Дмитрий Ляляев

Докатились

В разных городах Максуда называли по-разному.
Чаще всего – Максимом, по-русски, поскольку города, по которым его возил Одноглазый, были большею частью русские – Астрахань, Саратов, Нижний Новгород, Москва, Санкт-Петербург. Нигде подолгу они не жили: рано или поздно Одноглазому с его бандой, в которую входил теперь и Максуд, приходилось убираться из нанятой за приличные деньги неприлично грязной квартиры где-нибудь возле вокзала или городского рынка, покупать билеты в удушливо-тесный плацкартный вагон и катиться куда подальше. Вот и сейчас: ночь, грохот вагонных колёс, под который не уснуть ни одному ребёнку в мире, несмолкающие пьяные разговоры, постоянно лязгающая дверь, ведущая к туалету, – всё это вместе взятое отнимало у мальчика сон и воскрешало его прошлое.
Он отчётливо помнил родину. Солнце, не по-северному золотое, а по-южному ослепительное до белизны, убогий кишлак, прилепившийся к склону горы, покосившиеся глиняные мазанки, согнувшиеся под тяжкими ношами женщины, среди которых, сгорбившись почти до земли, брела мать Максуда, надрывный плач его голодных младших братишек и сестрёнок, отчего-то всегда хмурый и раздражённый отец. Некому было объяснить пятилетнему человеку, что есть нищета и главное – для чего она есть и кого она ест. Отец был сильным, мускулистым, не по-восточному высоким человеком, но и он в последний для Максуда год как-то съёжился, высох и сгорбился, словно это он, а не мать, таскал тяжёлые тюки с некогда колхозного поля.
И вот однажды в кишлак заявился Одноглазый. Нет, что ни говорите, а предчувствие всё-таки существует. Максуд возненавидел его с первого взгляда, как бывает, наверное, с первого взгляда любовь. Разница только в том, что любовь впоследствии переходит в привычку, а к ненависти привыкнуть невозможно. И, казалось бы, поначалу ничто не предвещало в нём закостенелого негодяя, напротив: приехал на фешенебельном джипе, одет был с иголочки в заведомо модный белый костюм, глаза, в том числе и тот, которого не было, скрывали дорогие, если судить по наклейке, противосолнечные очки.
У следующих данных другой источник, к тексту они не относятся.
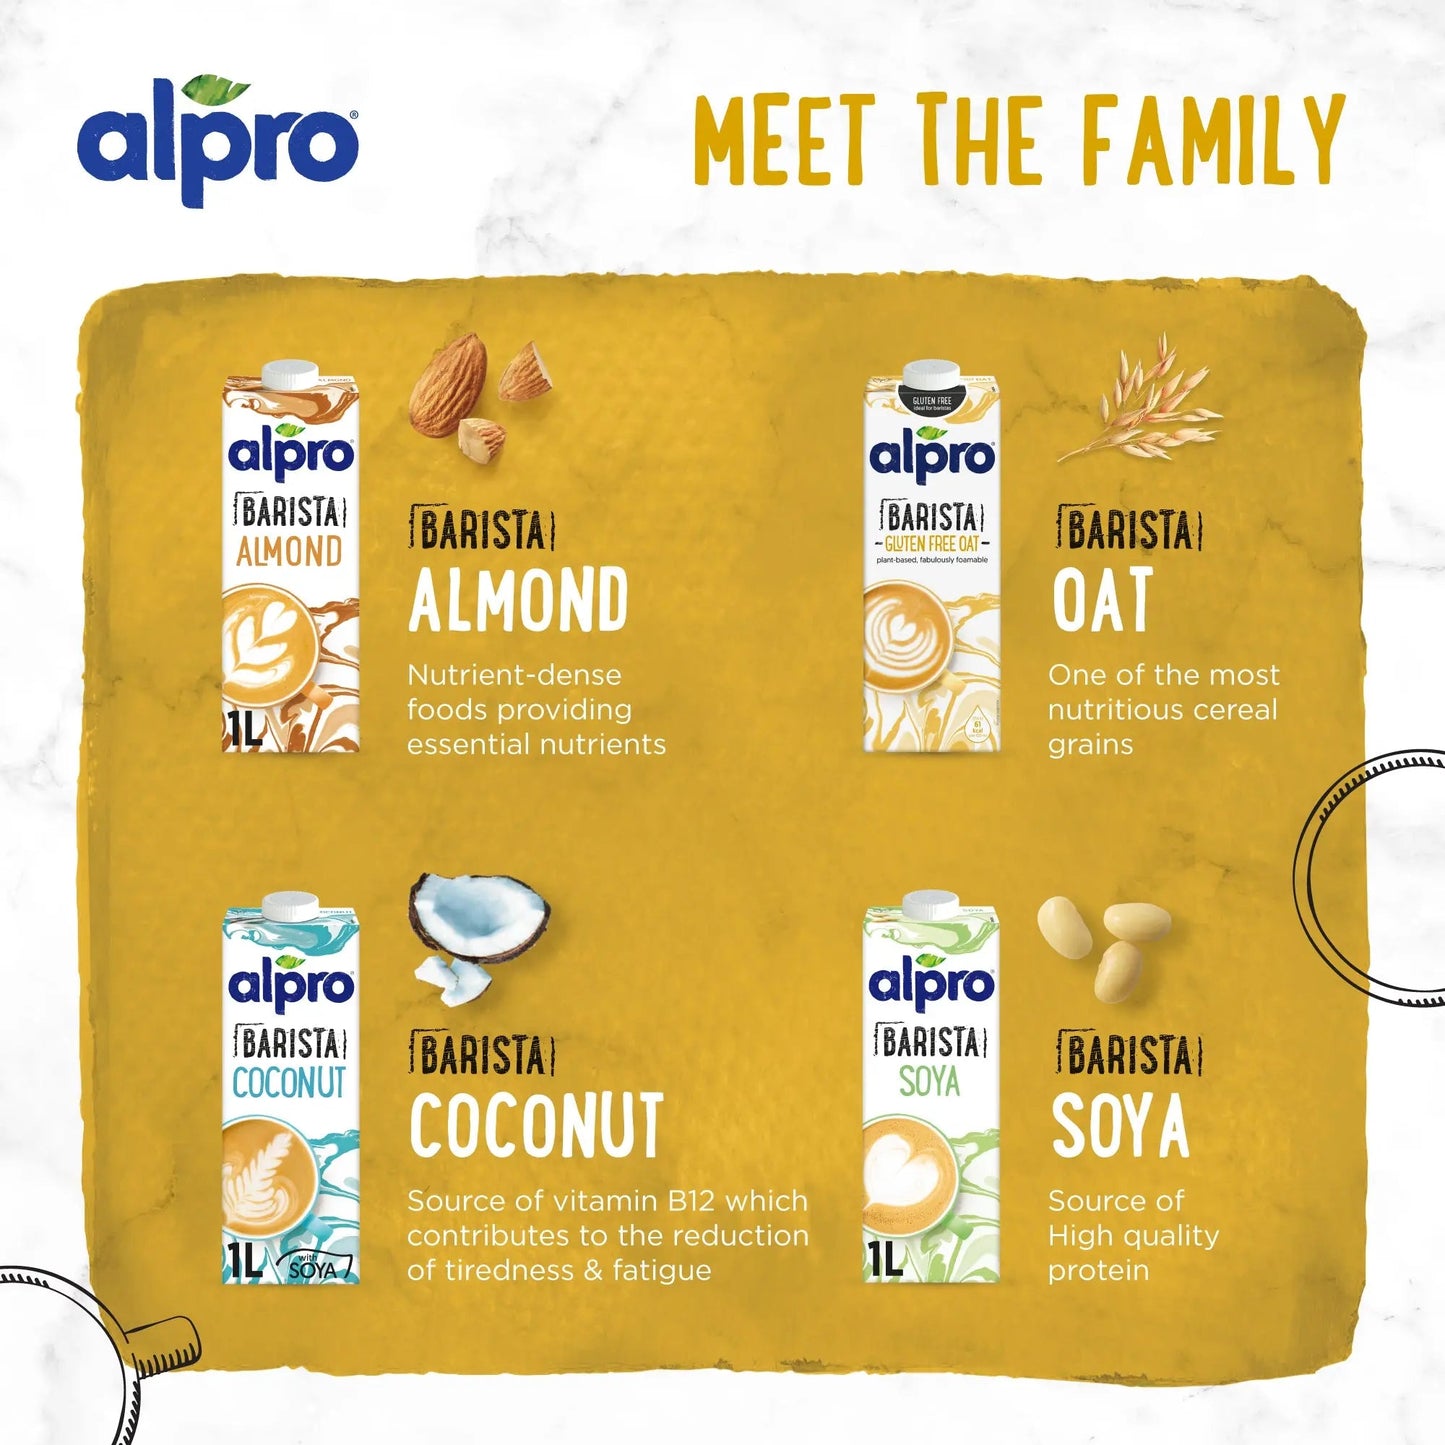 Alpro Gluten Free Oat Barista (1l), 100% Plant Based And Gluten & Dairy Free, Suitable For Vegans, Naturally Free From Lactose, Rich In Nutrients Alpro

Войдя к ним в хижину, он щедро одарил детишек леденцами, а ошалевшему Максуду вдобавок вручил нечто совершенно невиданное – красную пластмассовую МАШИНУ с блестящими колёсами, до невероятия схожую с той, на которой приехал сам добрый факир. Однако было в этом субъекте что-то омерзительное, змеиное, то, что взрослыми словами не выразить, а понять можно только детским неискушённым сердцем, и проявлялось оно в какой-то отрепетированно-слащавой улыбке. Добрые факиры так не улыбаются. Так улыбается уличный подонок, готовясь ударить тебя кастетом, в то время как его кореша аккуратно выкручивают тебе руки. И была какая-то сила, которая заставила Максуда отказаться от протянутого к самому его лицу сказочно шикарного подарка.
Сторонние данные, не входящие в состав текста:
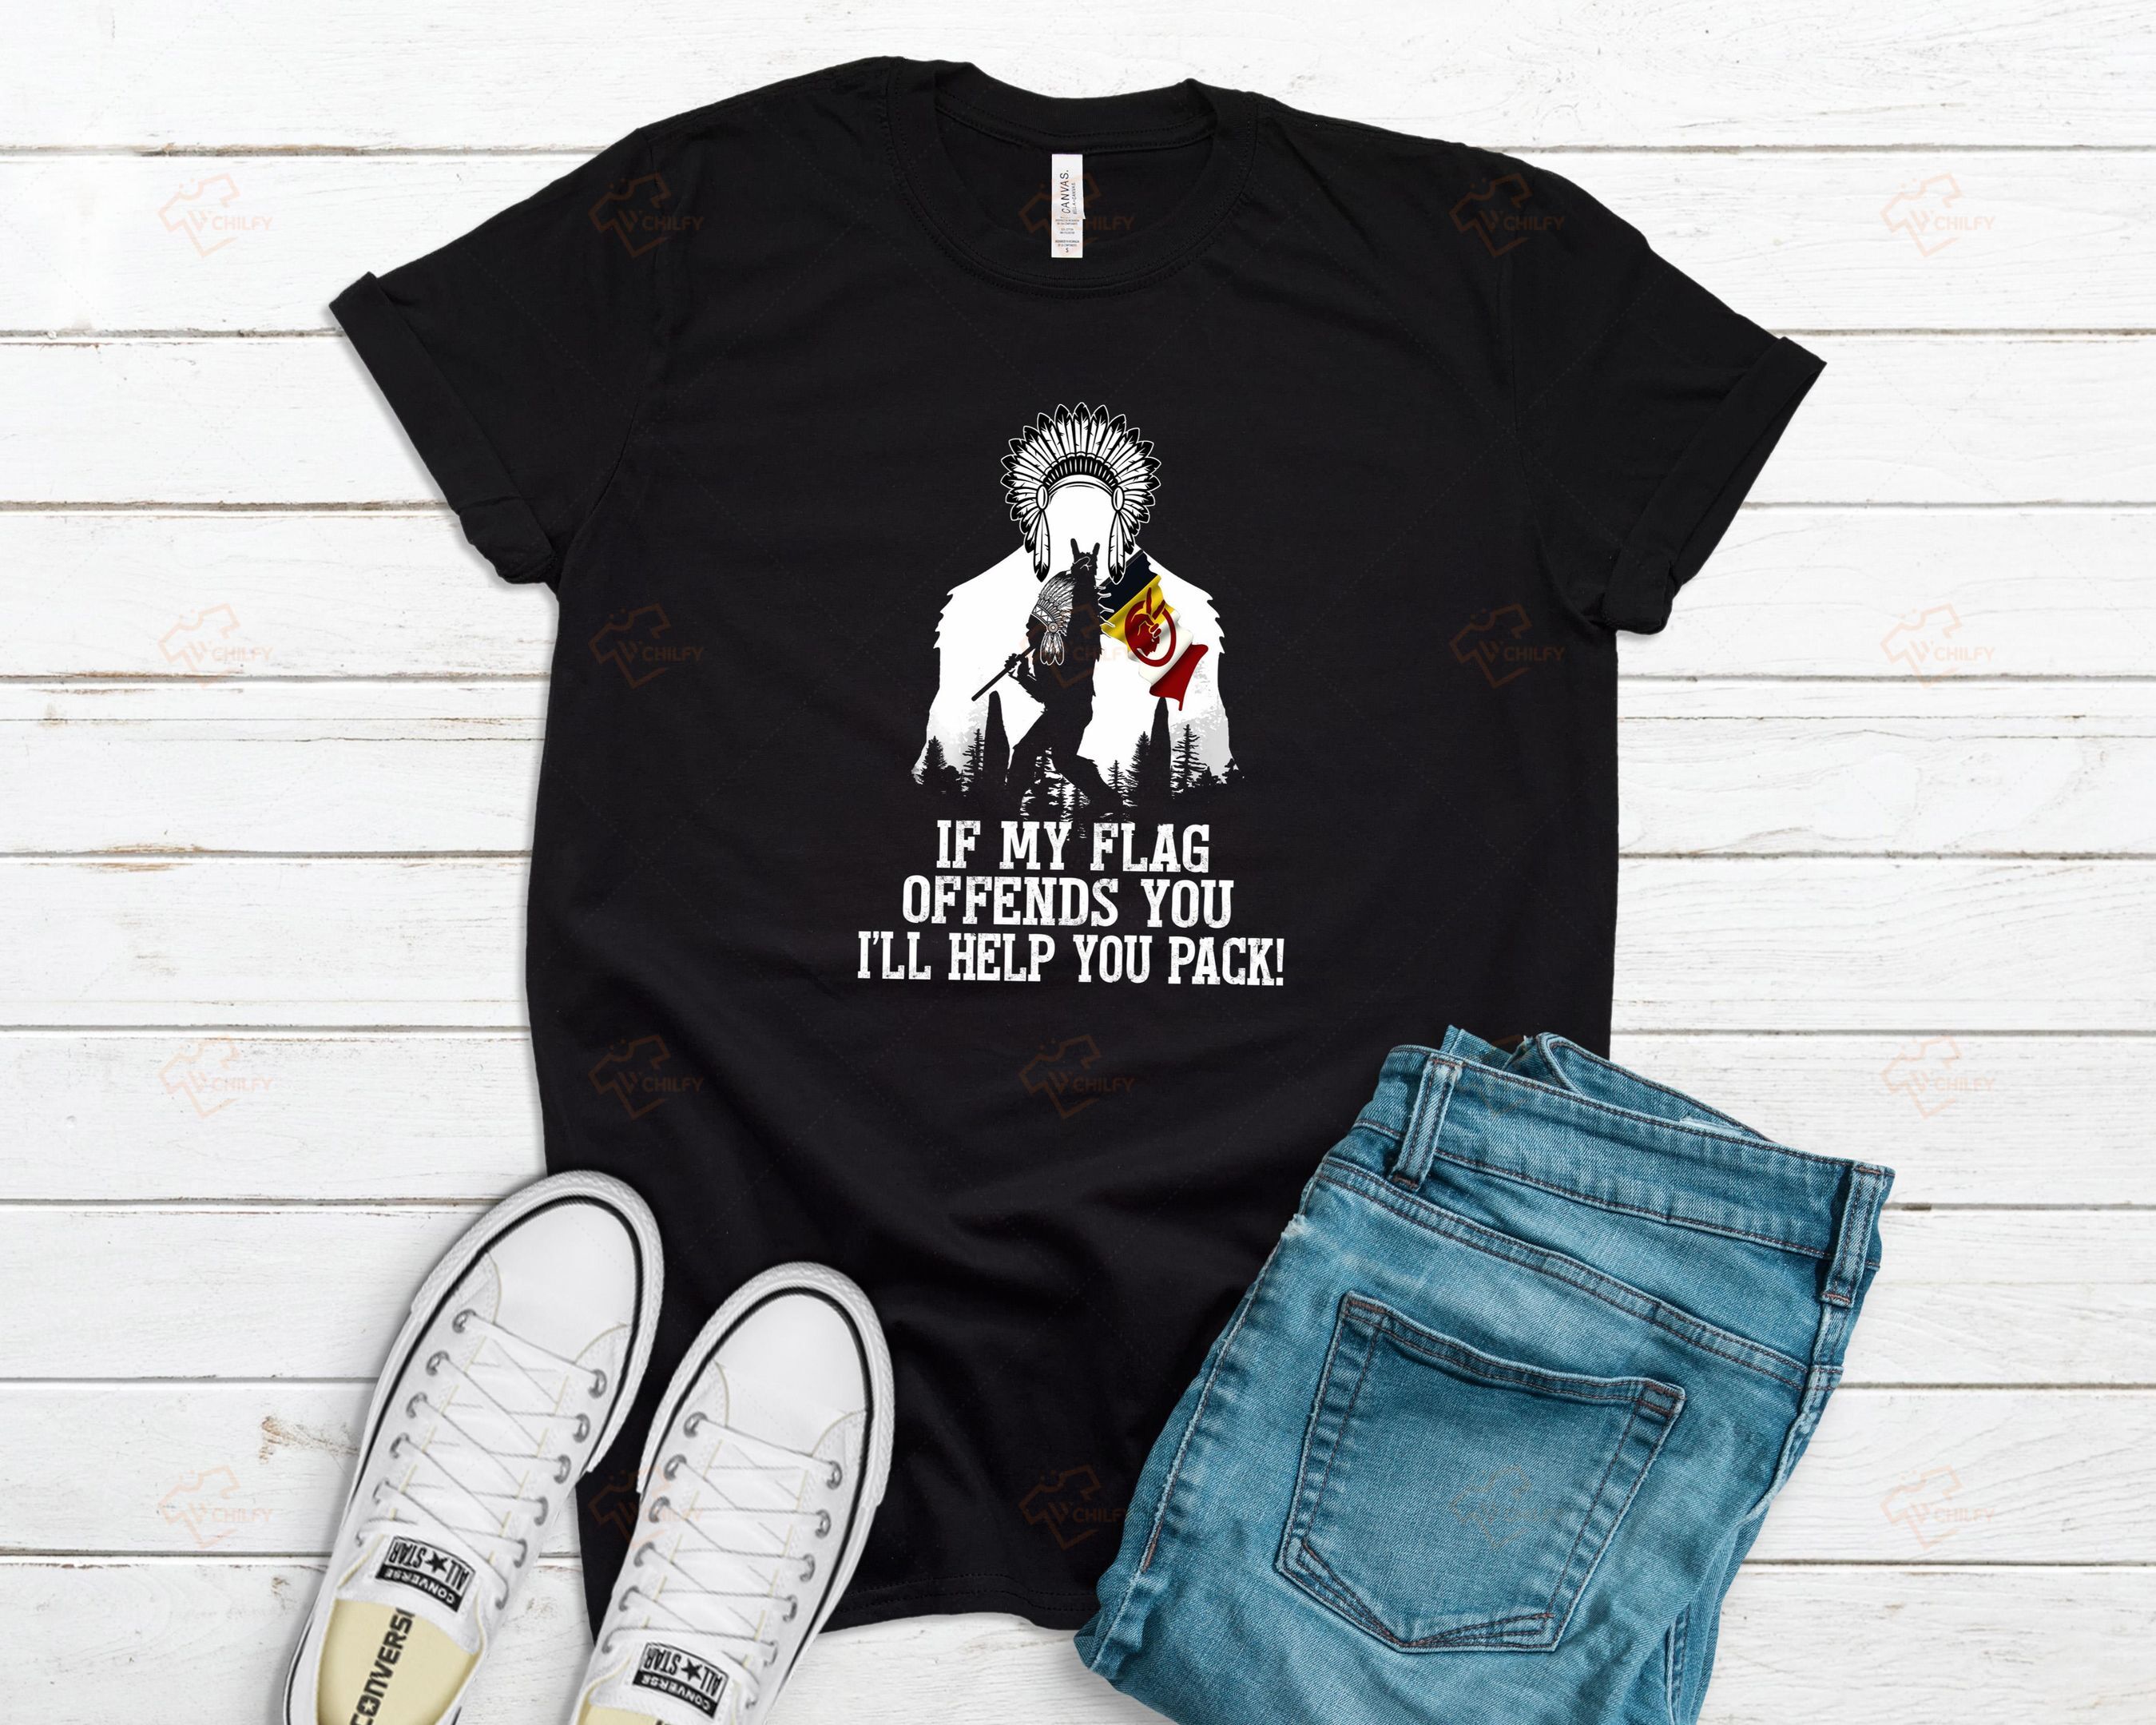 if my flag offends you, i’ll help you pack shirt, badass Native t shirt, Native American shirt, gift for Indigenous people

Тогда Одноглазый уединился с отцом. О чём они говорили, никто не слышал – для разговора Одноглазый увозил куда-то отца на машине, – но вернулся отец не просто ещё более сумрачным, но и по-настоящему постаревшим. Никогда после этого Максуд не видел такого рельефного выражения страдания и отчаяния на лице человеческом. Впрочем, он никогда не видел в зеркале самого себя. Карманы отцовских продырявленных джинсов оттопыривали аккуратно перевязанные пачки, которые он тщетно пытался скрыть. А потом, ночью, когда все дети, как казалось взрослым, заснули, отец поднял с постели полумёртвую от усталости мать и долго-долго ей что-то горячо и отрывисто доказывал, шурша при этом какой-то бумагой. Мать возражала, поначалу робко, как будто не веря, затем более настойчиво, и, наконец она разрыдалась, да так бурно, что отцу пришлось её успокаивать. Но и вернувшись на свою нищенскую постель, мать не сомкнула глаз и проплакала до зари.
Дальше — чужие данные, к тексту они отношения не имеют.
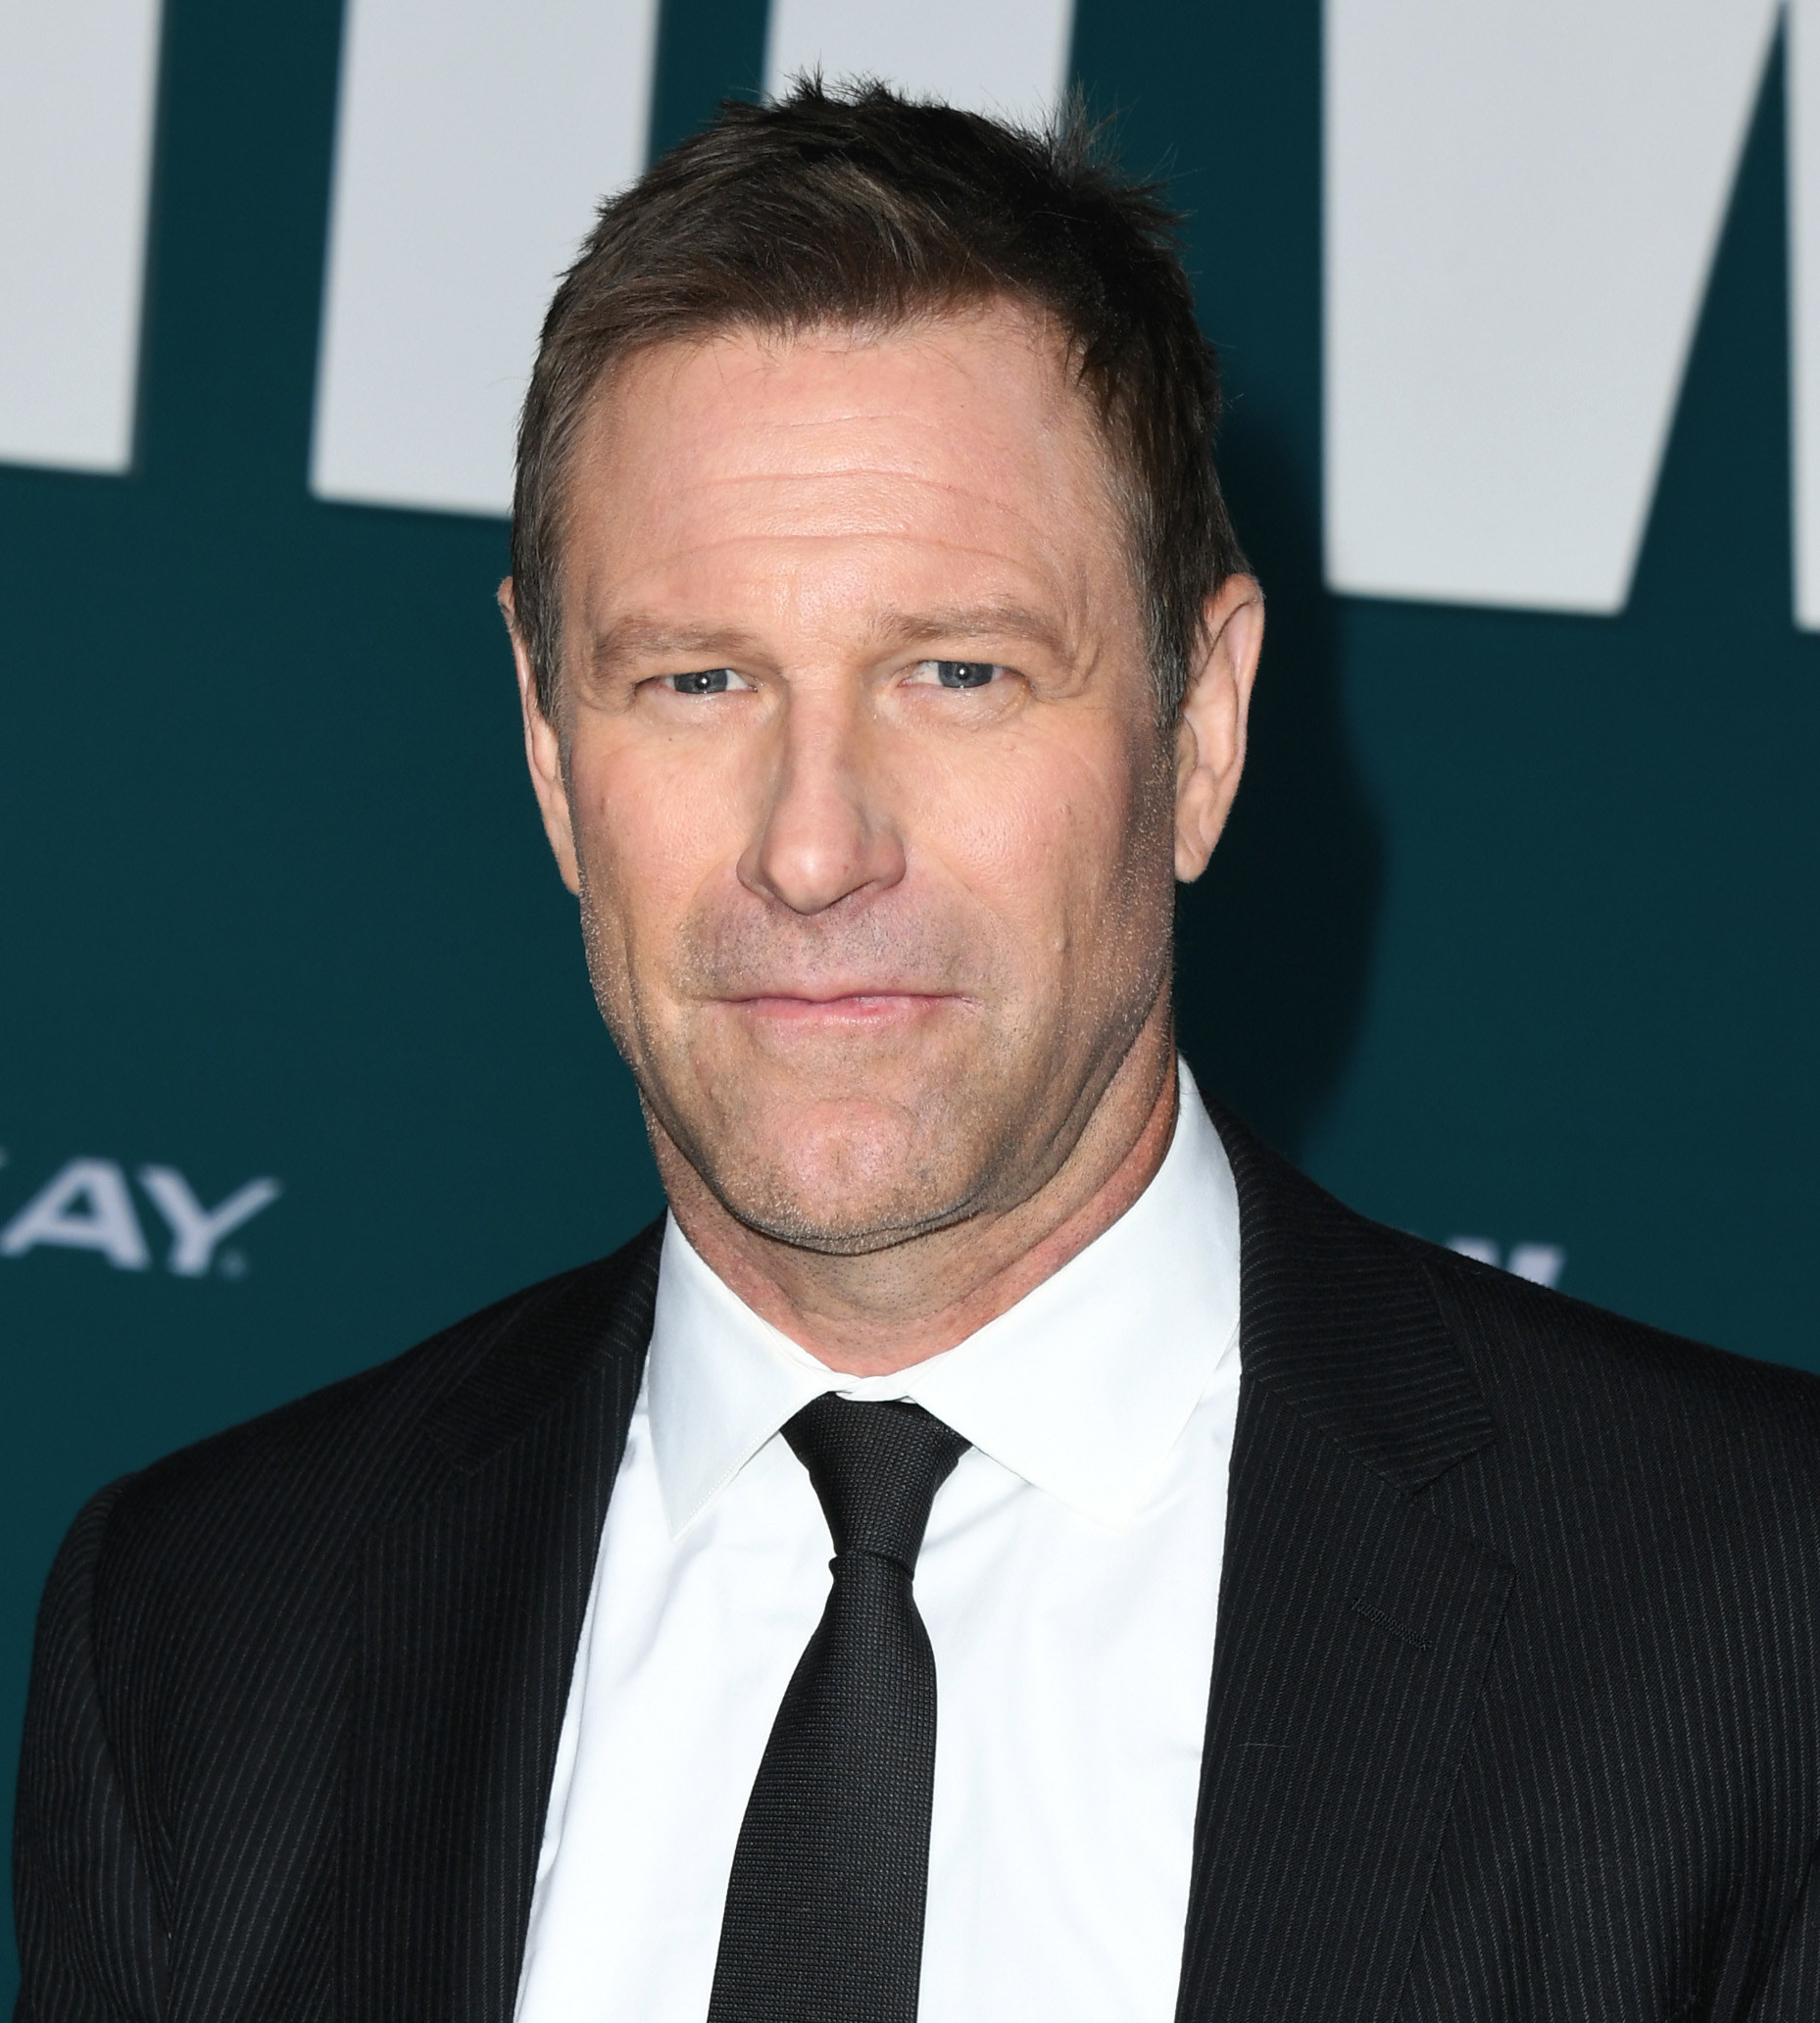 Aaron Eckhart attends the premiere of some film

А потом Одноглазый увёз Максуда на джипе. Это случилось уже на следующее утро, Максуд не успел даже как следует отойти после недолгого сна. Его подняли, наскоро умыли, одели в обычное тряпьё, сунули в руки пакет пряников, усадили в джип, и машина резво тронулась с места. Но Максуд не плакал. Он решил, что если отец отпускает его из дома, значит, он уже большой, он – мужчина, а мужчинам плакать не подобает. Тем более – перед лицом врага. А то, что Одноглазый – враг, не замедлило проявиться.
Его заученная слащавая улыбка исчезла бесследно, как исчез в его когтеобразных пальцах пакет только что подаренных пряников, как исчез подобострастно-вкрадчивый тон – «Жрать будешь, когда заработаешь!» С его сухого скуластого лица как будто съехала неудачно, не по артисту сделанная маска. И вдобавок он снял очки. Отвратительный красный рубец пересекал его правую глазницу от переносицы до щеки. Глаза не было, был только ужасный, грубо зарубцевавшийся шрам. И в тот момент, когда он снимал очки, он в первый раз рассмеялся. В его смехе самым причудливым образом соединялись карканье ворона, вой шакала и шипение змеи. Иногда эти звуки последовательно сменяли друг друга, иногда сливались воедино, затем постепенно выдавливали один другого, как кукушонок в чужом гнезде выпихивает, обрекая на смерть, ненужных ему конкурентов, но никогда за всё время знакомства с Одноглазым Максуд не слышал из его перекошенного рта нормального человеческого смеха.
Так же, как Одноглазый не слышал плача Максуда.
Не терпевший зря тратить время Одноглазый сразу же по приезде в город (это был первый ГОРОД, увиденный Максудом) привёз его к знакомому эскулапу в драном затасканном медицинском халате, – «Этот дядя тебя немножко полечит, гы-гы-гы!», – потом они зачем-то привязали Максуда к железной койке крепкими жёсткими ремнями и надели на него какую-то несуразную маску, тоже снабжённую ремнями, через которую почему-то надо было дышать, – «Это чтобы ты не расплакался, гы-гы-гыр!». Через несколько минут он провалился куда-то в страшное, незнакомое место, где у него не было ни руг, ни ног, ни даже туловища, а одна-одинёшенька страдала в грохочущей невесомости его беззащитная пятилетняя душа. Вращались гигантские шестерни, перемалывали бесконечное тёмно-багровое пространство космически величественные жернова, и всю бездонность этого неведомого мира, из которого невозможно было вырваться, заполнял неотступный ритмический шум во всю мощь работающего цеха.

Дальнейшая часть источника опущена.